The National Security Law was a Brazilian law that sought to guarantee the national security of the State against the subversion of law and order. It was revoked in 2021 by Law No. 14,197, though its provisions relating to national security and the defense of the democratic rule of law — including crimes against national sovereignty such as attacks on the nation's sovereignty, threats to national integrity, and espionage — were incorporated into the Brazilian Penal Code.

==History==
Since the Empire of Brazil, there has been legislation on national security.
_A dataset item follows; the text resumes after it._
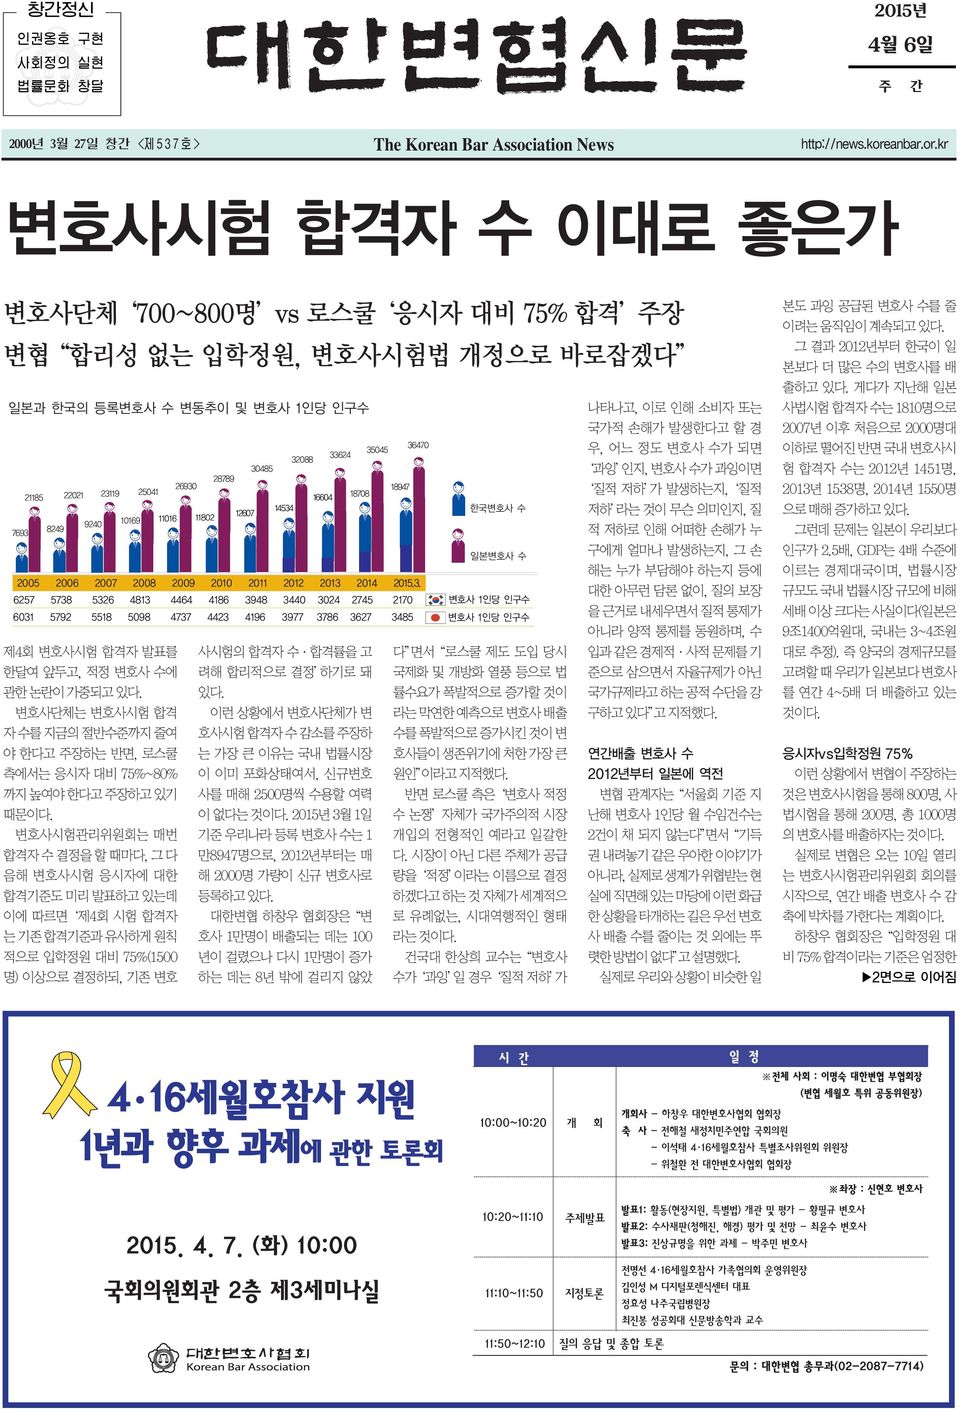 그 결 2012년부터 한국이 일 본보다 더 많은 수의 변호사를 배 출하고 있다.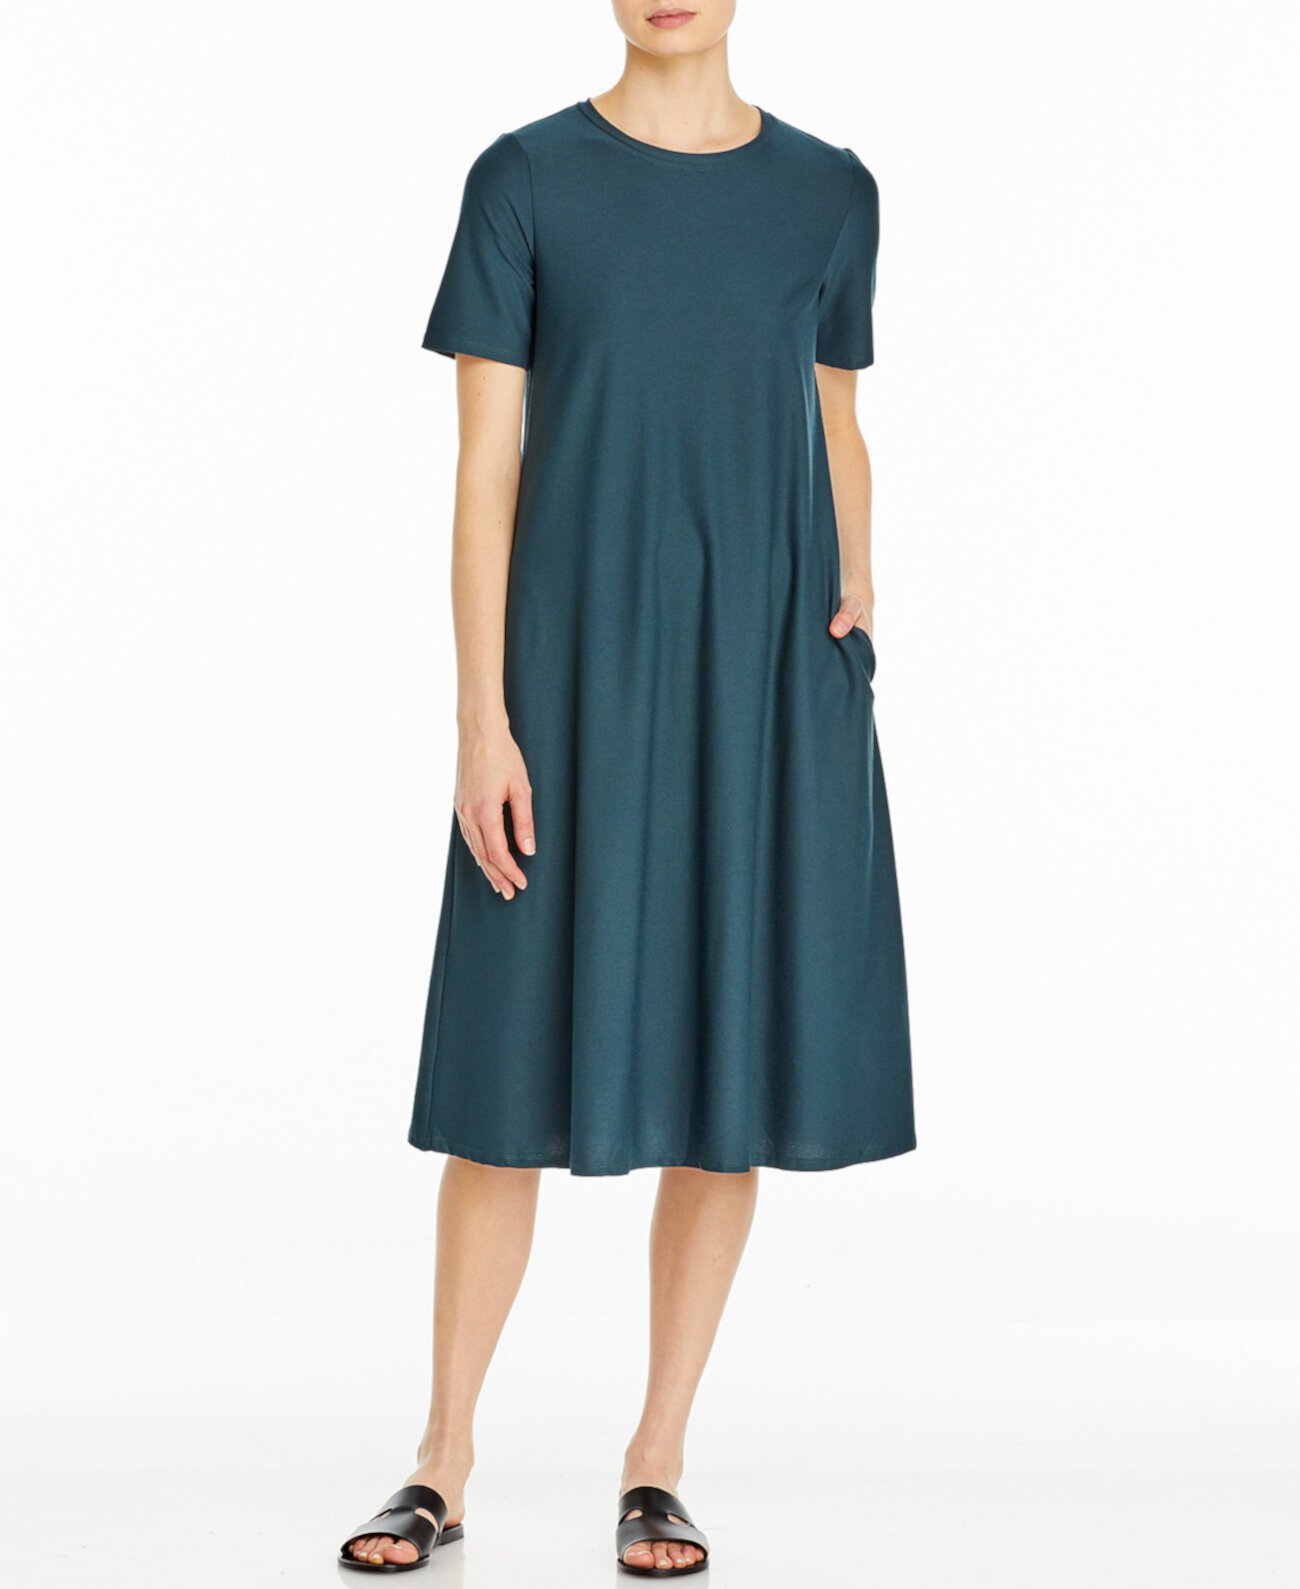 Платье с круглым вырезом, доступное в стандартных и миниатюрных размерах Eileen Fisher

This framework was updated over time, and the National Security Law (LSN), or Law No. 7,170 of 14 December 1983, defined crimes against national security, political order, and social order, and corresponding trial procedures and judgments.

The law became more frequently applied in 2020. In April 2021, Attorney General Augusto Aras stated that he would not investigate president Jair Bolsonaro for using the National Security Law against critics and opponents, arguing that he was not responsible for the actions of junior officials.

In May 2021, the Chamber of Deputies approved a bill repealing the law and adding new "crimes against democracy", such as a carrying out a coup d'état or interrupting elections, to the Penal Code. The Federal Senate approved the bill in July 2021, and it was sanctioned, with vetoes, by the President of the Republic in September 2021.

==Crimes against national security==
Under the Brazilian legal system, the law outlined crimes that could harm national security or expose it to the risk of injury:
- Against territorial integrity and national sovereignty: acts seeking to dismember part of the national territory to create an independent country were punishable by imprisonment of 4 to 12 years;
- Inciting individuals from another country to invade national territory was punishable by imprisonment of 3 to 10 years, with the penalty doubled if the invasion occurred;
- Targeting the heads of the Union’s Powers — the legislative, executive, and judiciary — was also criminalized.